Work to be completed: Give back all of the data exactly as it stands, with the pictures removed.

Given information:
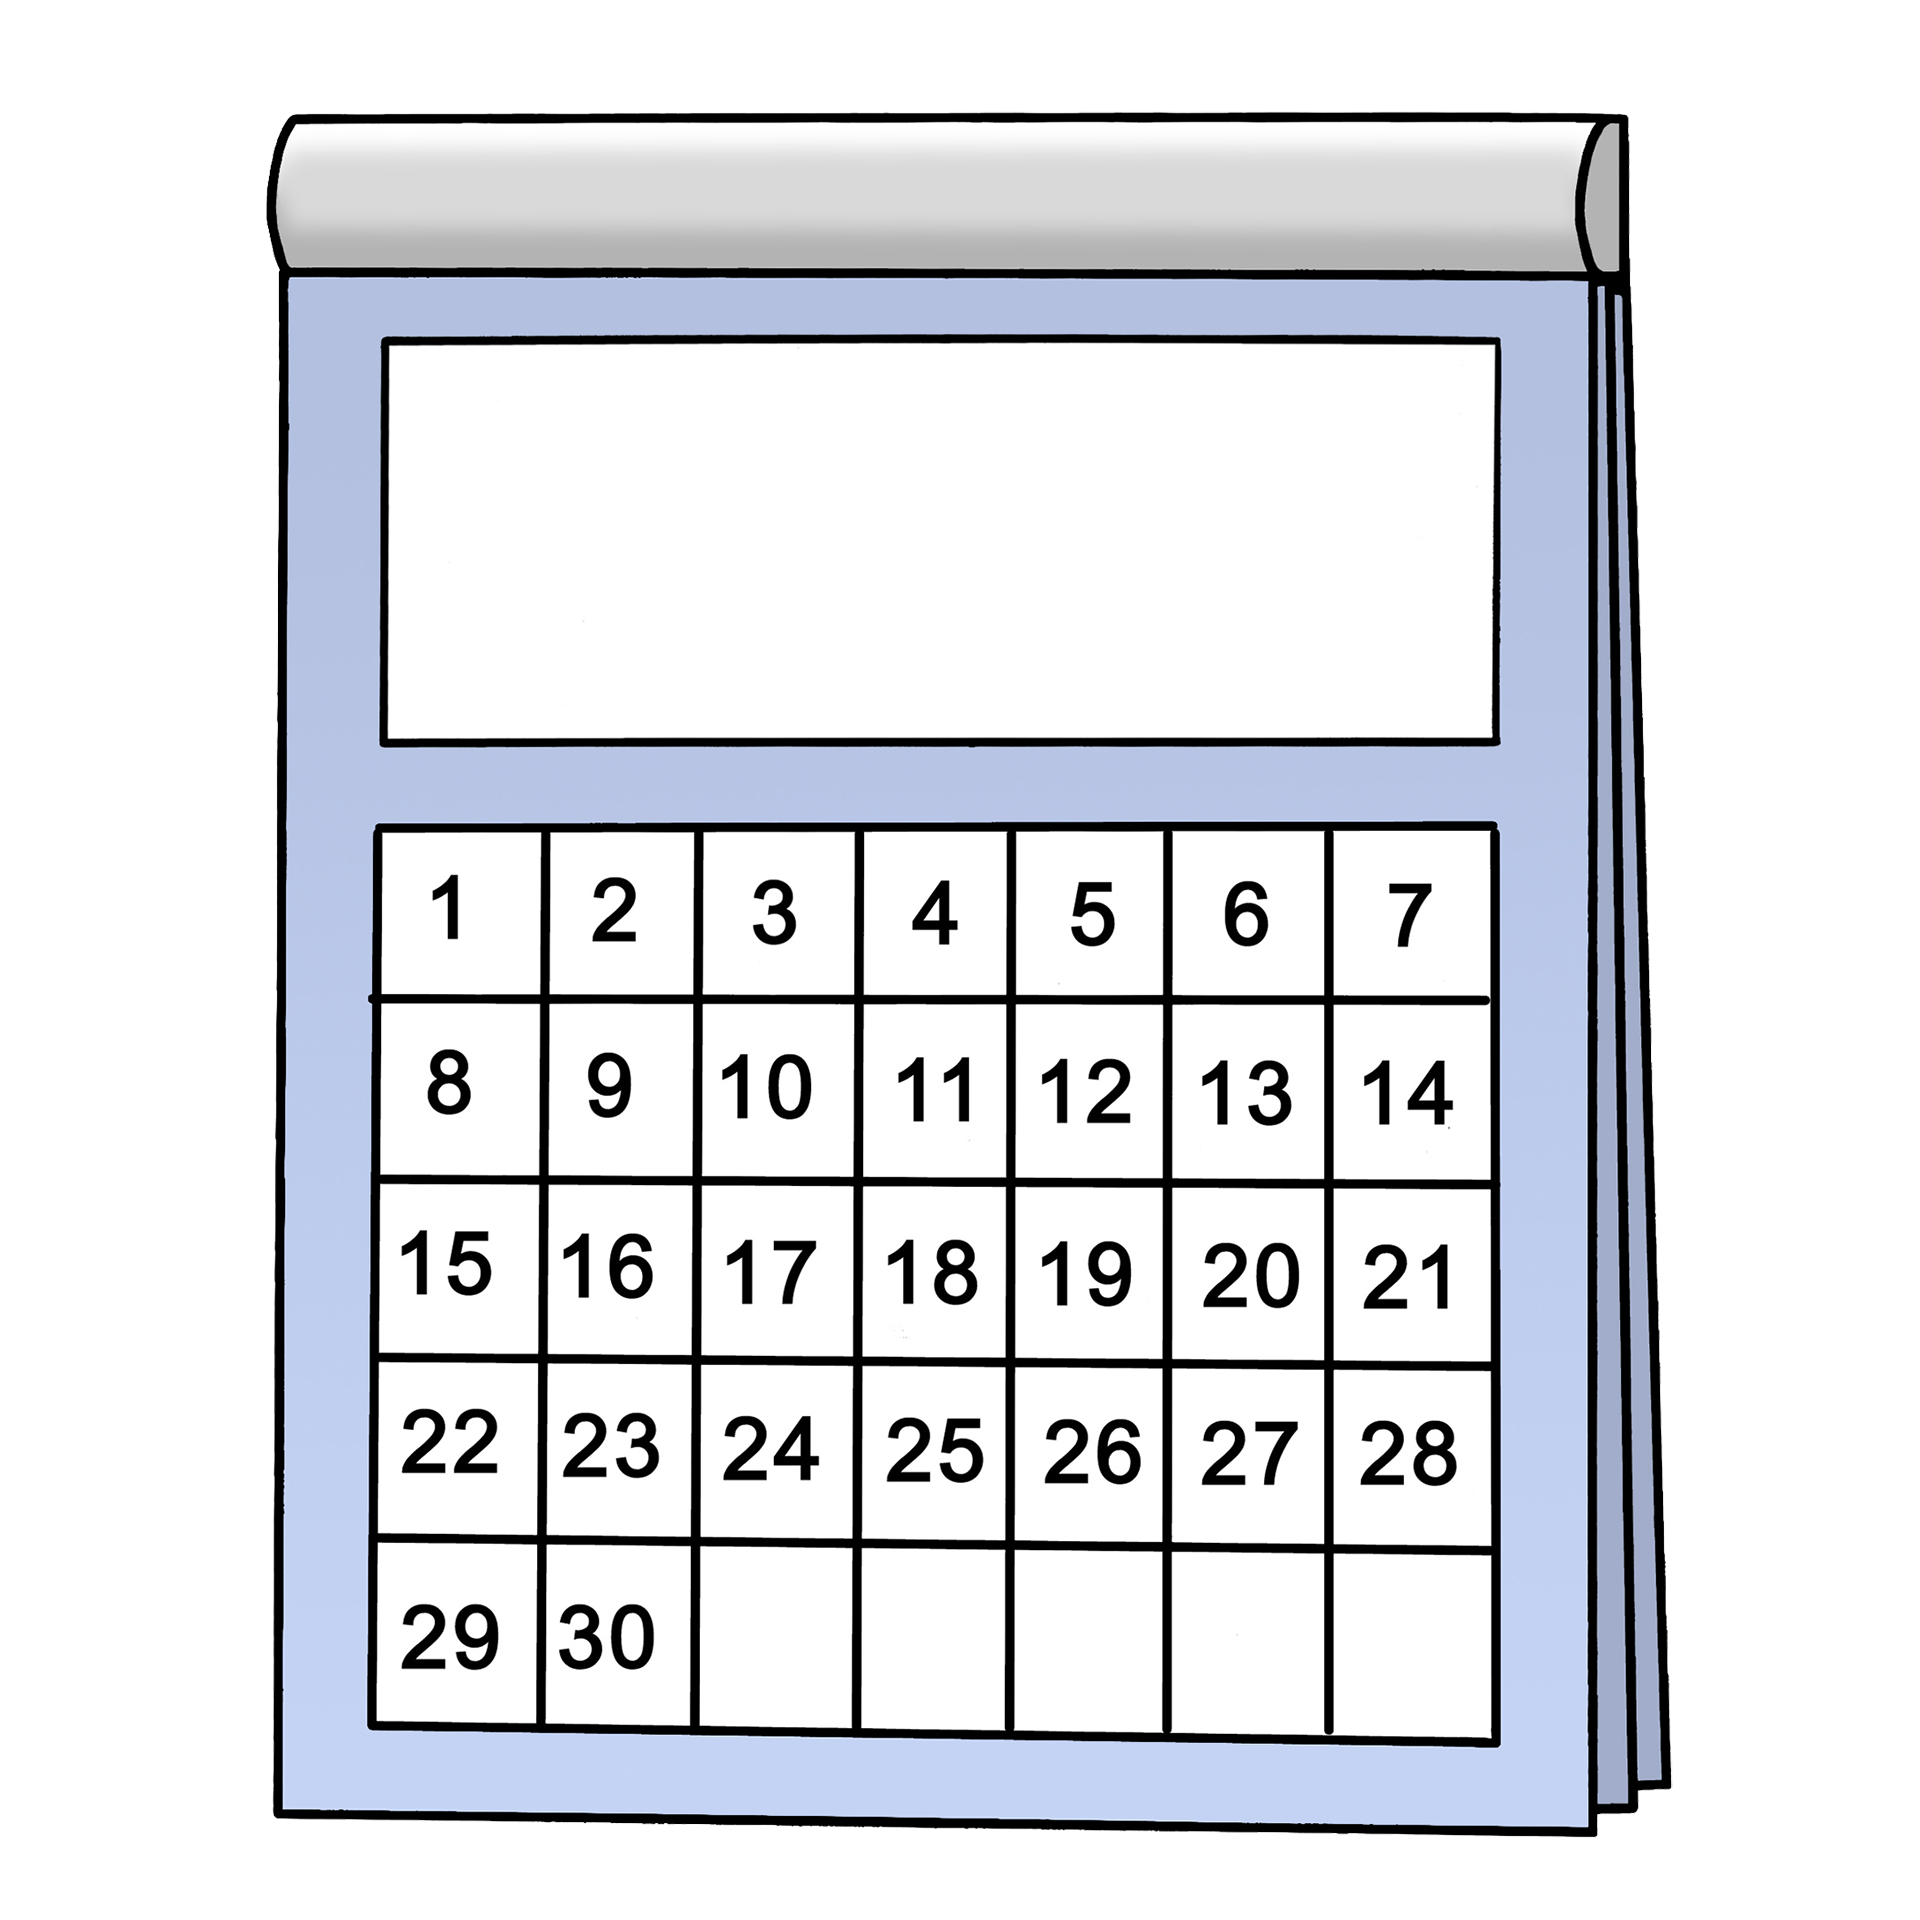 Bild zeigt einen Kalender mit 30 Tagen
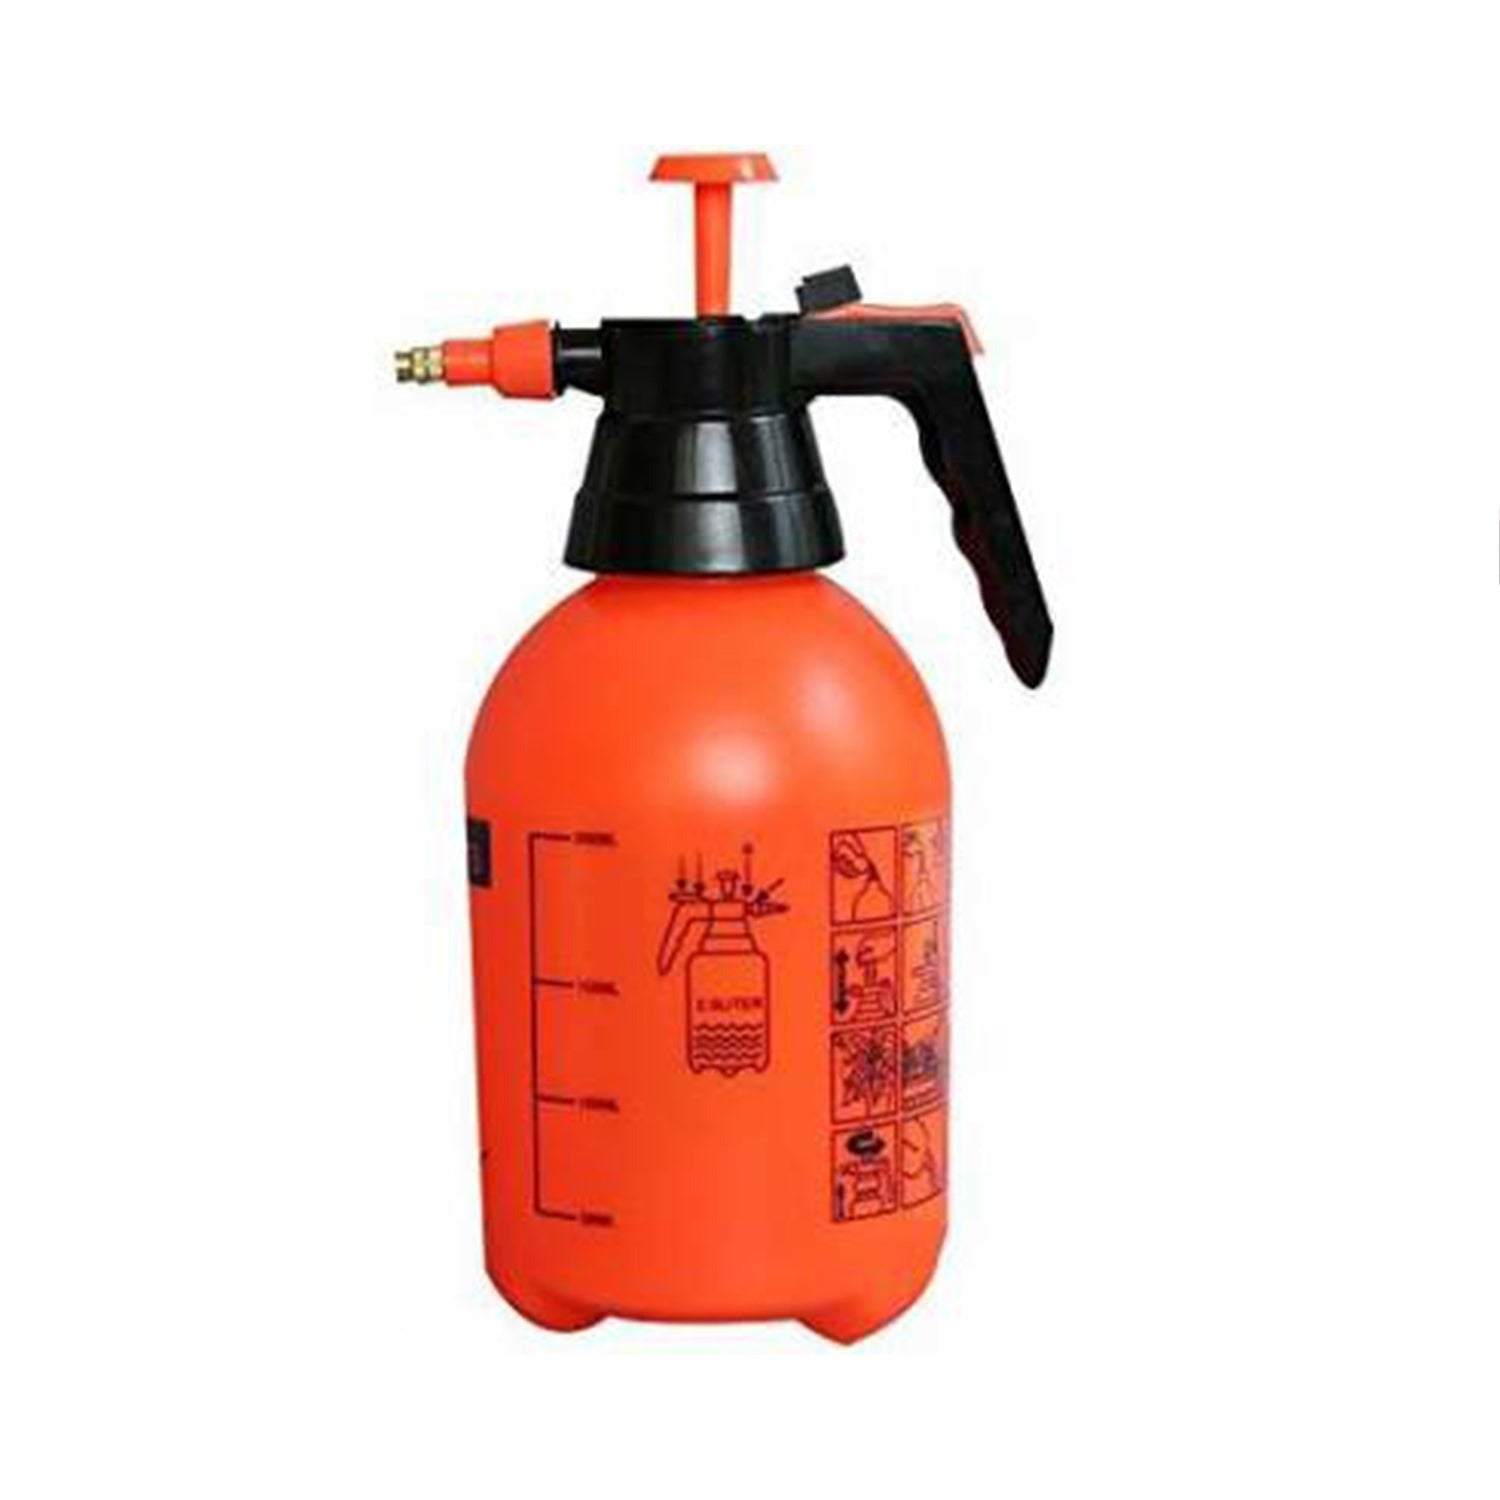 0645 Water Sprayer Hand-held Pump Pressure Garden Sprayer - 2 L 
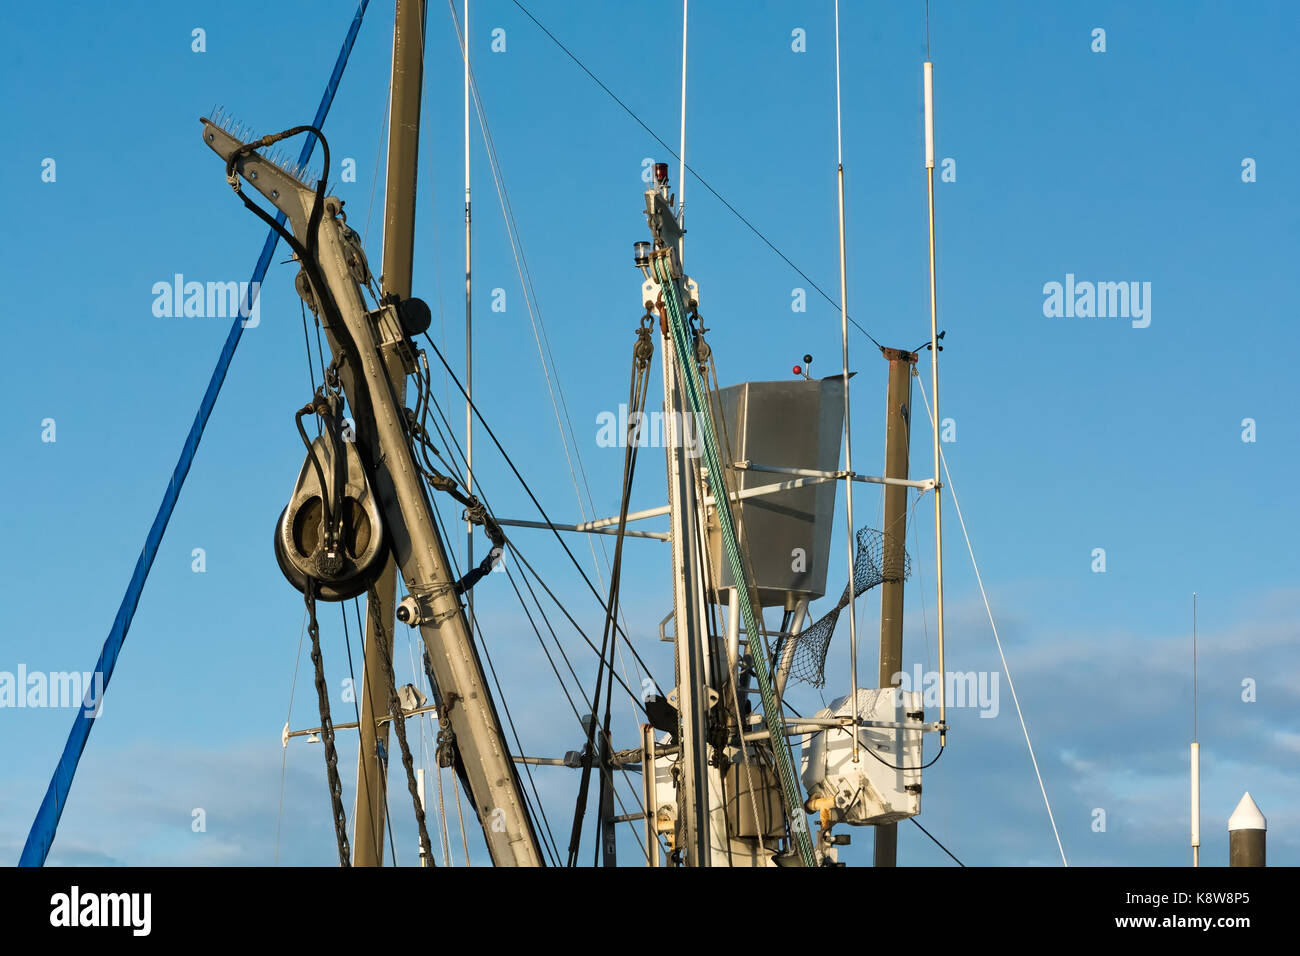 Die Kontrollen auf das Crow's Nest eines Alaskan Trawler befindet sich in der Takelage und Ausrüstung coverning die Oberseiten der Mast des Schiffes und Ausleger eingebettet. Stockfoto

Your solution:
 Bild zeigt einen Kalender mit 30 Tagen
 0645 Water Sprayer Hand-held Pump Pressure Garden Sprayer - 2 L 
 Die Kontrollen auf das Crow's Nest eines Alaskan Trawler befindet sich in der Takelage und Ausrüstung coverning die Oberseiten der Mast des Schiffes und Ausleger eingebettet. Stockfoto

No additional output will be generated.